MHB Correctness of Statements about Set A in Metric Space X

[Euge]

Furthermore, since $A$ has empty interior, $A$ cannot be open, making (c) the correct answer.

 

[I like Serena]

I do not see how $A$ has empty boundary. The closure of $A$ is $[0,1]$ since the irrationals are dense in the reals, and $A$ has empty interior since the rationals are dense in the reals. So wouldn't $\partial A$, being $\bar{A} - \operatorname{Int}(A)$, equal $[0,1]$?
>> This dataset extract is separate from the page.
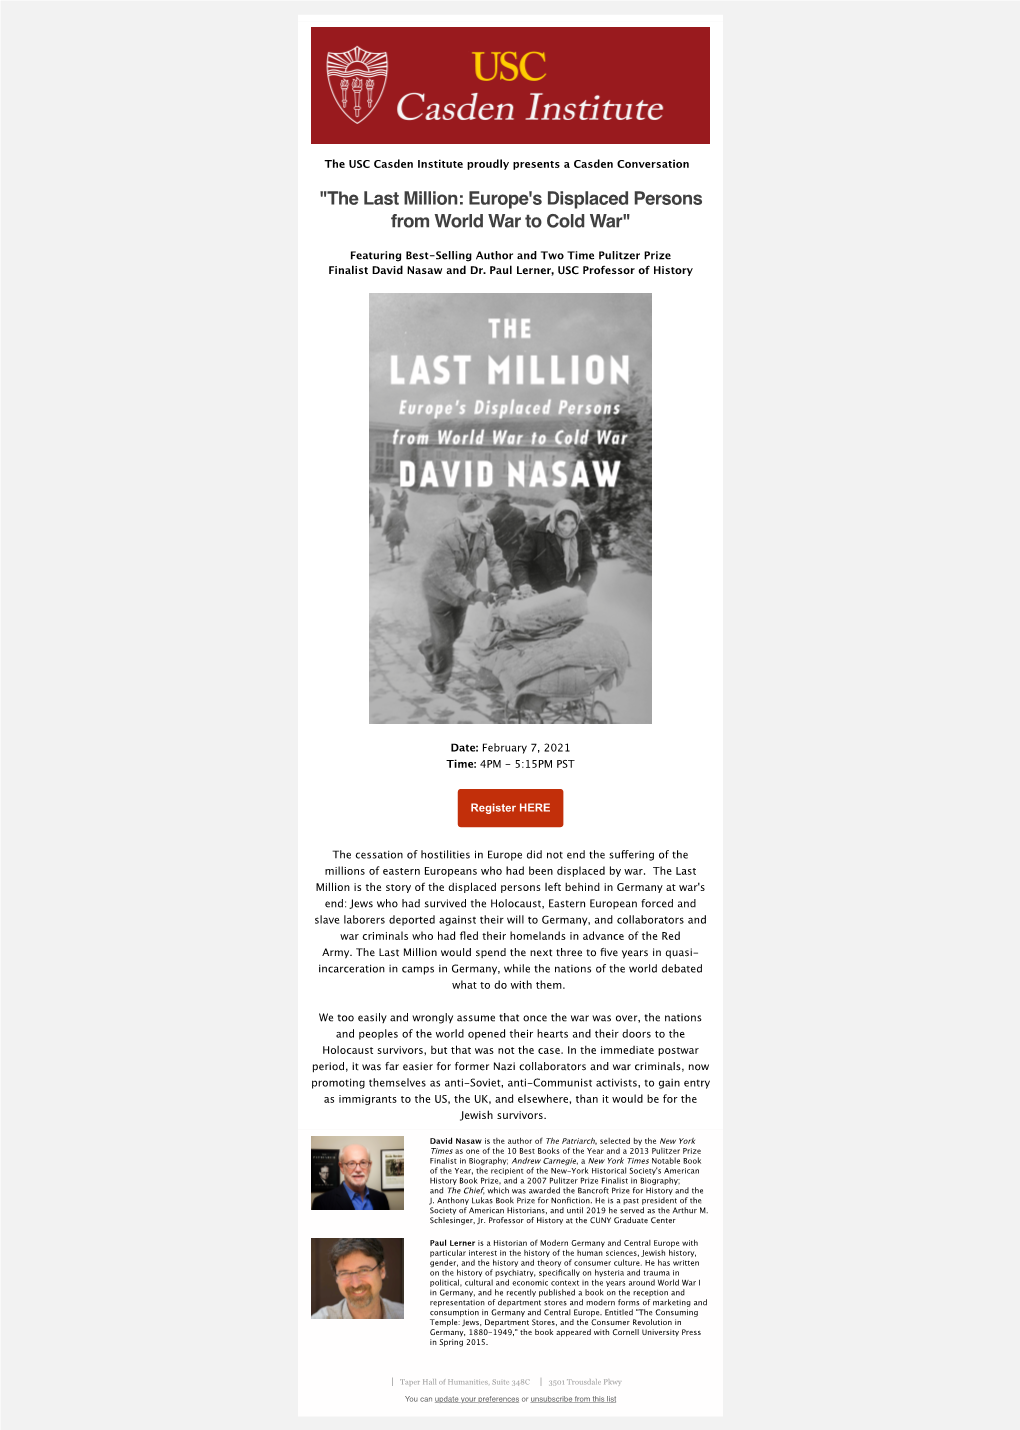 The Last Million: Europe's Displaced Persons from World War to Cold War"

The topology is $X=\mathbb R\setminus\mathbb Q$ with the usual metric.
So none of the rationals can be part of either the interior or the boundary.
So the closure of $A$ is $[0,1]\setminus \mathbb Q$, which is the same as the interior of $A$, making the boundary $\partial A$ empty, doesn't it?

 

[Euge]

Looking back at the original question, it appears that I overlooked that $A$ inherits the subspace topology relative to $X$, not to $\Bbb R$. My apologies. Certainly $A = (0,1) \cap X$, which is relatively open in $X$, and $X - A = (\Bbb R - \Bbb [0,1]) \cap X$, which is relatively open in $X$; thus, $A$ is both open and closed in $X$, so that $A$ has empty boundary.